O código adotou de maneira expressa, a responsabilidade objetiva do transportador que responde pelos danos causados às pessoas transportadas e suas bagagens, salvo por motivo de força maior. Cumpre destacar que o dever do transportador de responder pela incolumidade do viajante e de conduzi-lo são e salvo ao seu destino não poderá ser afastado por estipulação que exonere o transportador de sua responsabilidade, por ter assumido obrigação de resultado, ou seja, de conduzir o passageiro são e salvo ao local de destino.
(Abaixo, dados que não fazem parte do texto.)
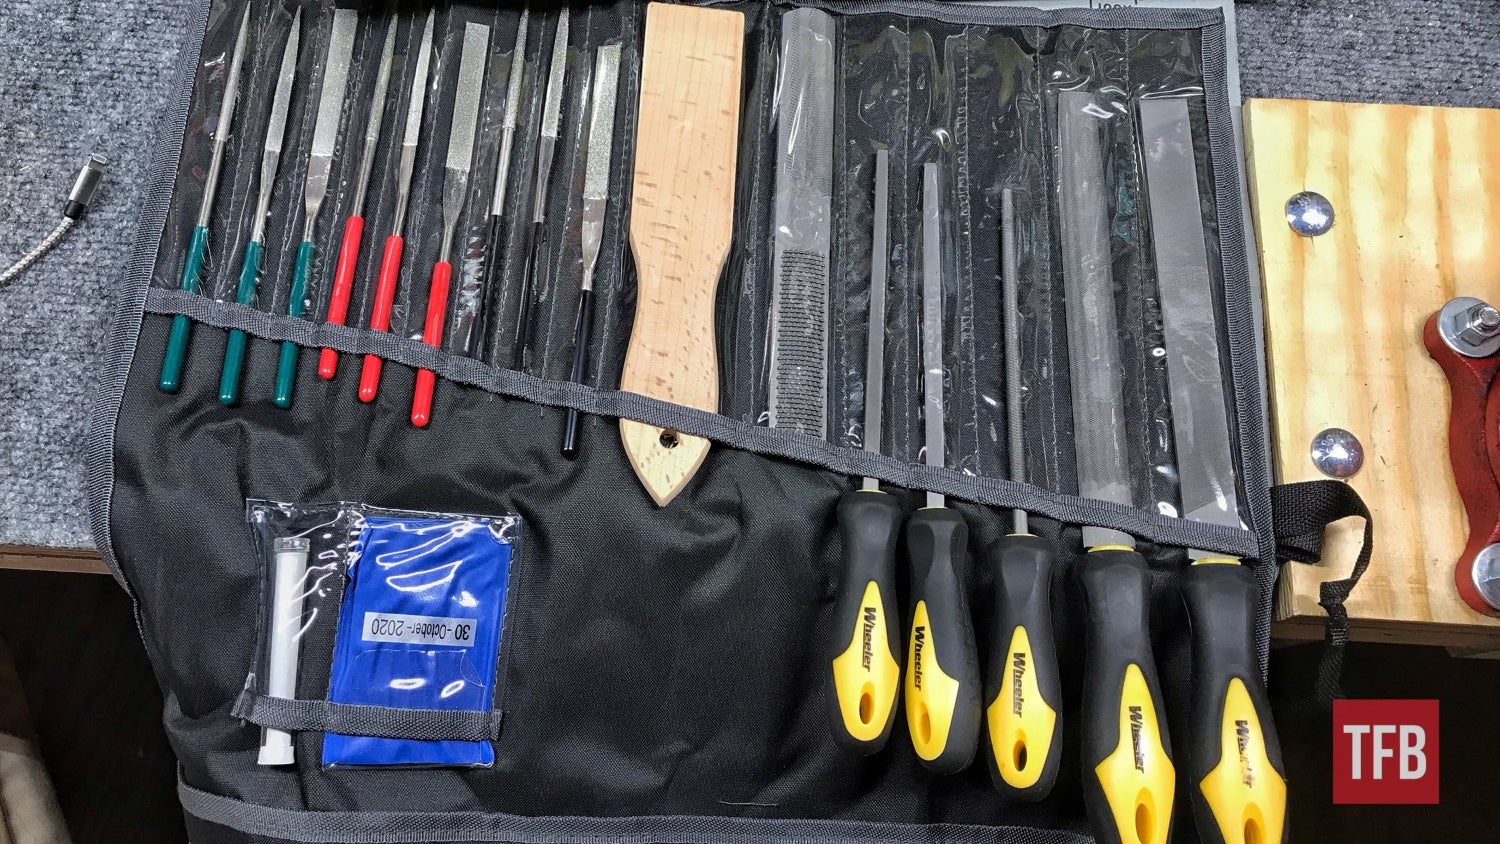 Details about   Redneck Convent RC Gunsmith File Set Tools 18 Pieces 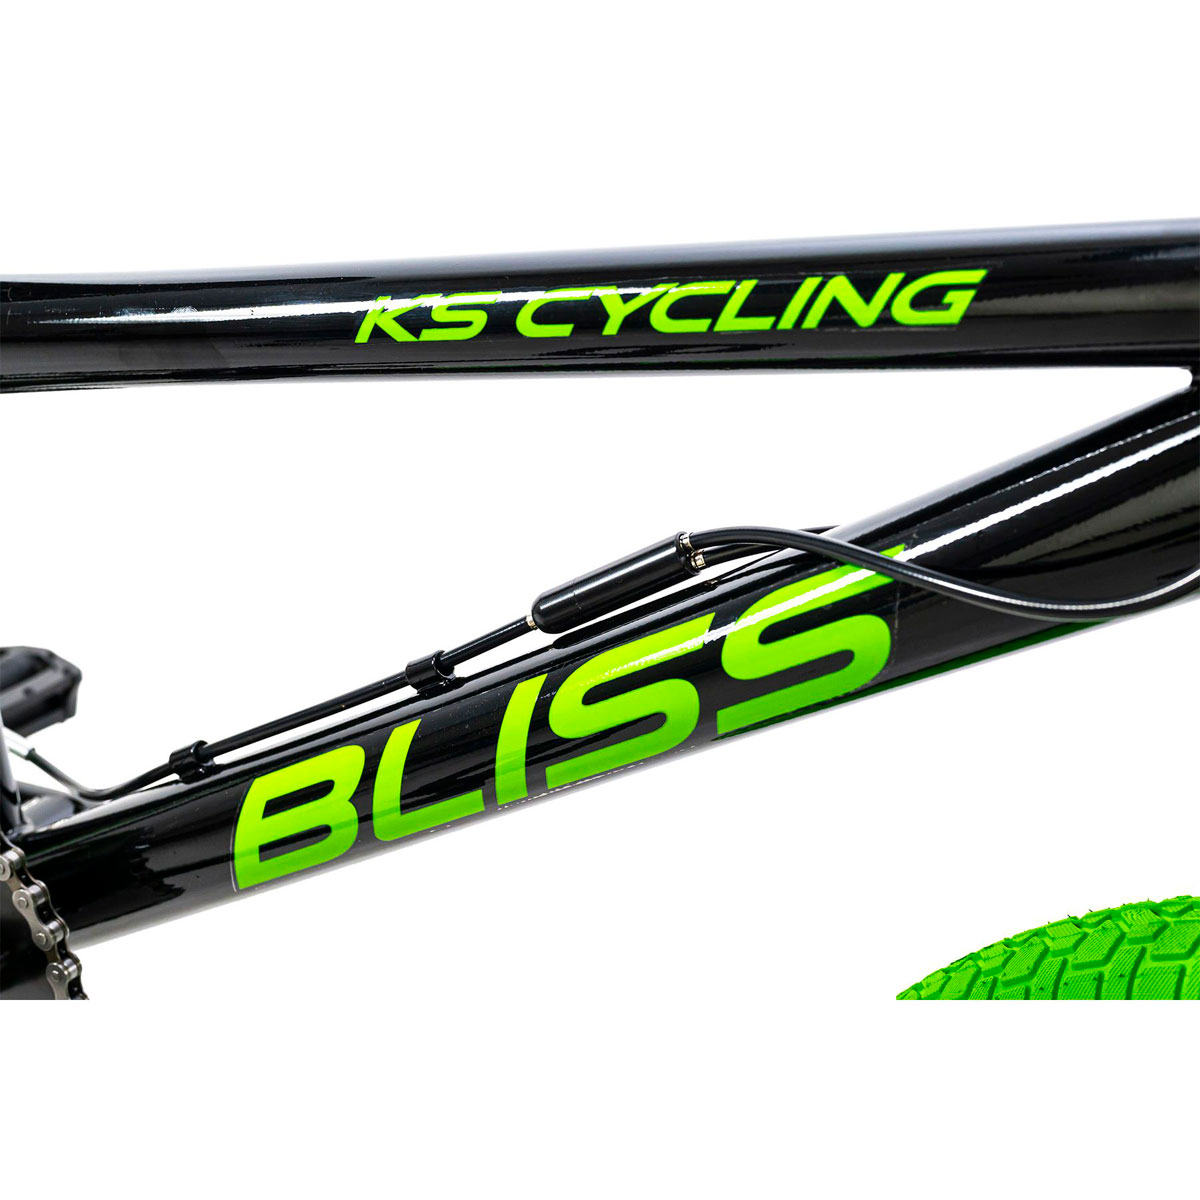 BMX-Rad „Bliss“, schwarz

Somente a culpa exclusiva da vítima ou a ocorrência de evento fortuito excluem o dever de indenizar.
Sintetizado e complementando o parágrafo anterior temos: há responsabilidade do transportador no transporte oneroso de pessoas, pois o transporte gratuito não se submete a tais regras; no contrato de transporte oneroso está implícita a cláusula de incolumidade do passageiro, cuja frustração gera responsabilidade objetiva do transportador; o art. 14 do CDC dispõe que o fornecedor de serviços responde independentemente de culpa, pelos danos causados na prestação do serviço; o art. 734 do CC traz hipótese de responsabilidade objetiva; a força maior e o caso fortuito externo excluem a responsabilidade do transportador, o mesmo quando há culpa exclusiva da vítima. Quanto ao passageiro pingente, que fica pendurado do lado de fora por falta de condições adequadas na prestação do serviço, há direito à indenização.
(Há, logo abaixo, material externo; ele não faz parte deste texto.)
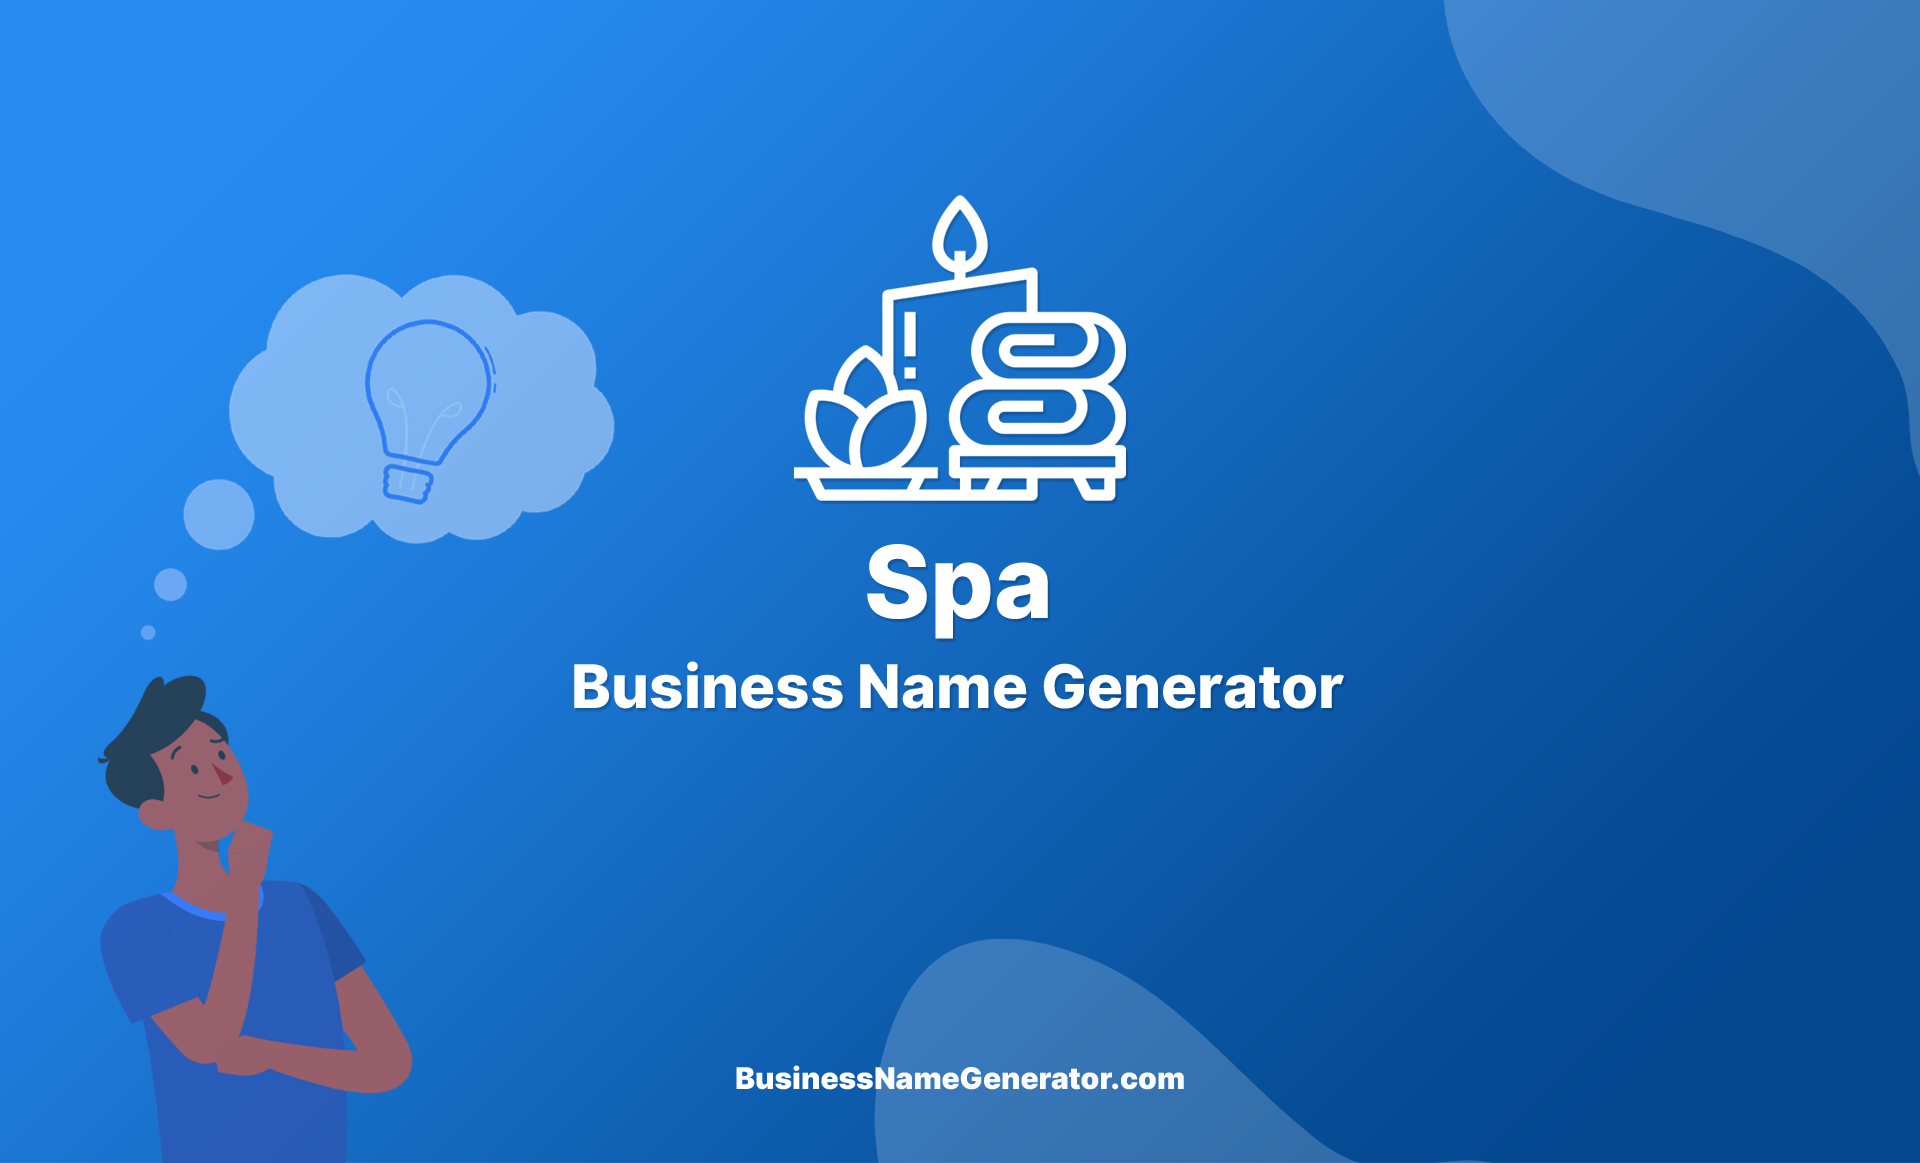 Spa Business Name Generator

De acordo com a Súmula 187 do STF, temos:
“A responsabilidade contratual do transportador, pelo acidente com o passageiro, não é elidida por culpa de terceiro, contra o qual tem ação regressiva.”
Dessa forma, o transportador paga uma indenização, por dano moral ou patrimonial, variável conforme a natureza ou extensão dos prejuízos, abrangendo tanto danos emergentes como os lucros cessantes.
A responsabilidade do transportador requer que o dano ao passageiro ocorra durante a vigência do contrato, isto é, a partir do momento em que o indivíduo entra na estação de embarque, pede o bilhete no guichê, ou faz um sinal ao transportador, até o instante em que deixa o veículo, e atravessa o portão de saída da estação de desembarque.
É importante destacar, ainda, o assalto ocorrido durante o transporte. Apesar de divergências na doutrina, existem inúmeras jurisprudências, no sentido de que o assalto a mão armada no interior de ônibus, embora se pudesse ter meios de evitá-lo, equipara-se ao caso fortuito (fato imprevisível), que isenta de responsabilidade o transportador, sob o fundamento de que o dever de prestar segurança pública ao passageiro é do Estado, conforme disposto no art. 144 da Constituição Federal, dessa forma não se pode transferi-la ao transportador.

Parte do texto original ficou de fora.